__What the task requires__: Copy out precisely the lines of the material that follows, beginning with the line containing "普通切手 1967年シリーズ コブハクチョウ" and ending with its last line; exclude pictures.

__Information supplied__:
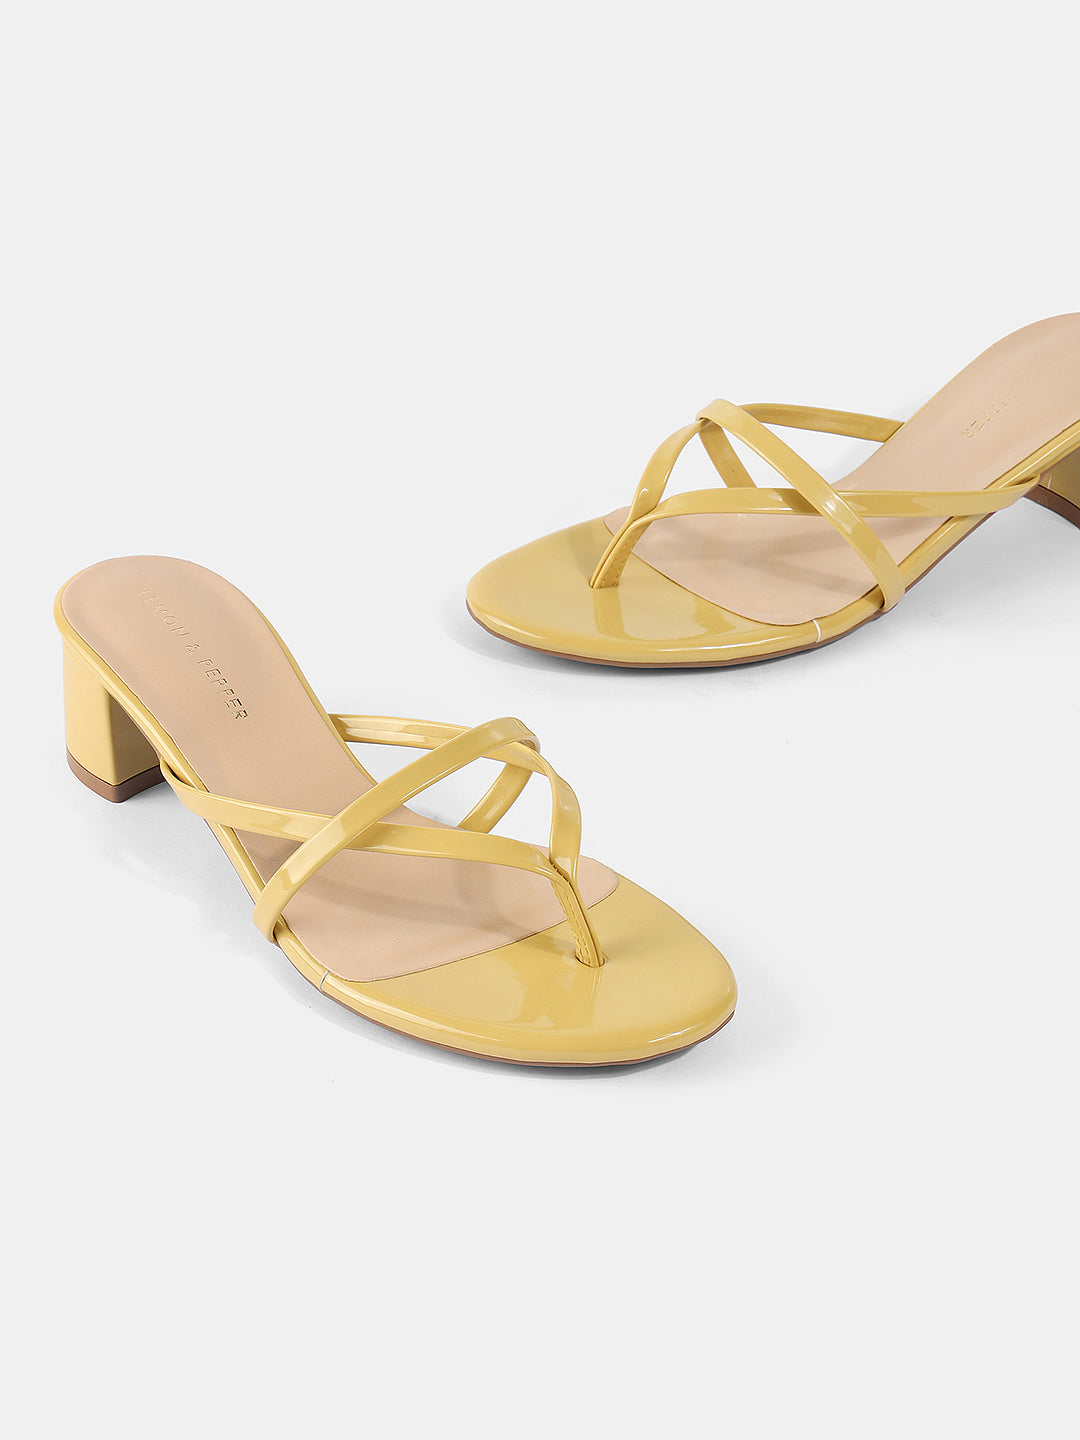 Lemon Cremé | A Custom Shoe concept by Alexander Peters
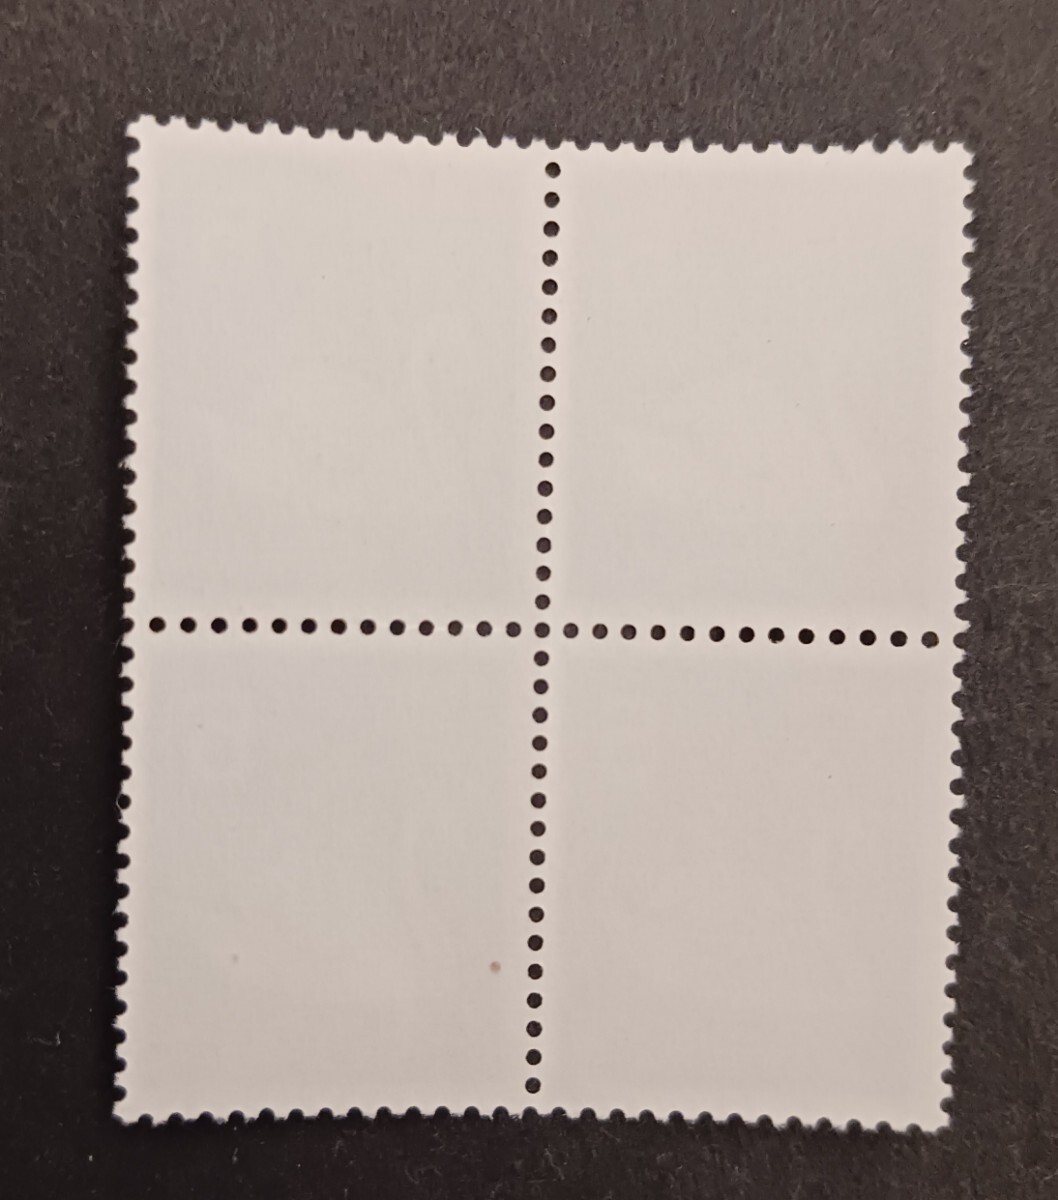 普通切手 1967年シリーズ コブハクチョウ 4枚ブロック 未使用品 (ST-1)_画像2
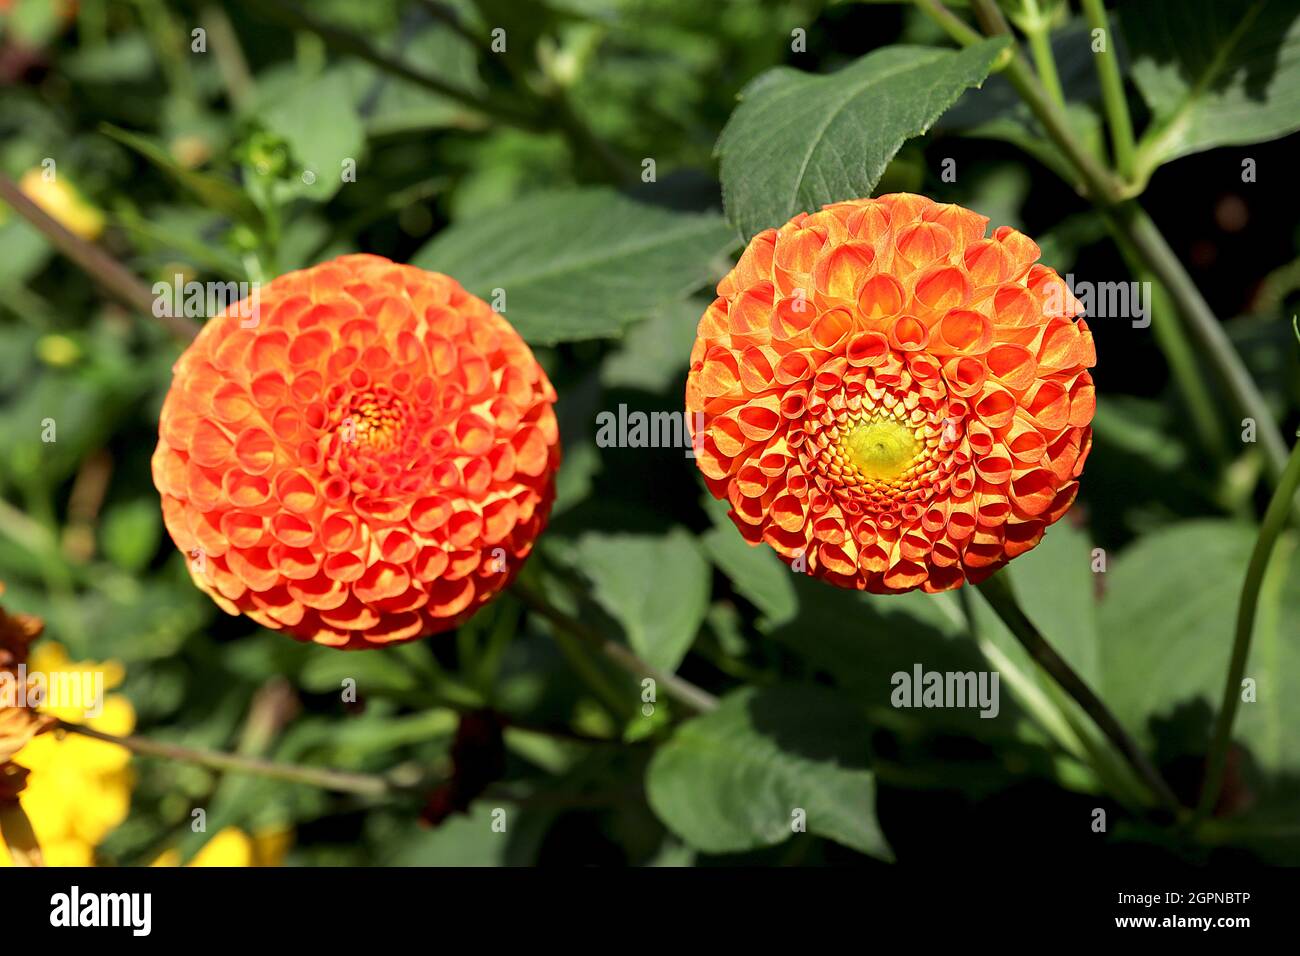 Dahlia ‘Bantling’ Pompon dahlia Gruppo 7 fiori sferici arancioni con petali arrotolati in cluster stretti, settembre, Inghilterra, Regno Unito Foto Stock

__Answer section__:
 普通切手 1967年シリーズ コブハクチョウ 4枚ブロック 未使用品 (ST-1)_画像2
 Dahlia ‘Bantling’ Pompon dahlia Gruppo 7 fiori sferici arancioni con petali arrotolati in cluster stretti, settembre, Inghilterra, Regno Unito Foto Stock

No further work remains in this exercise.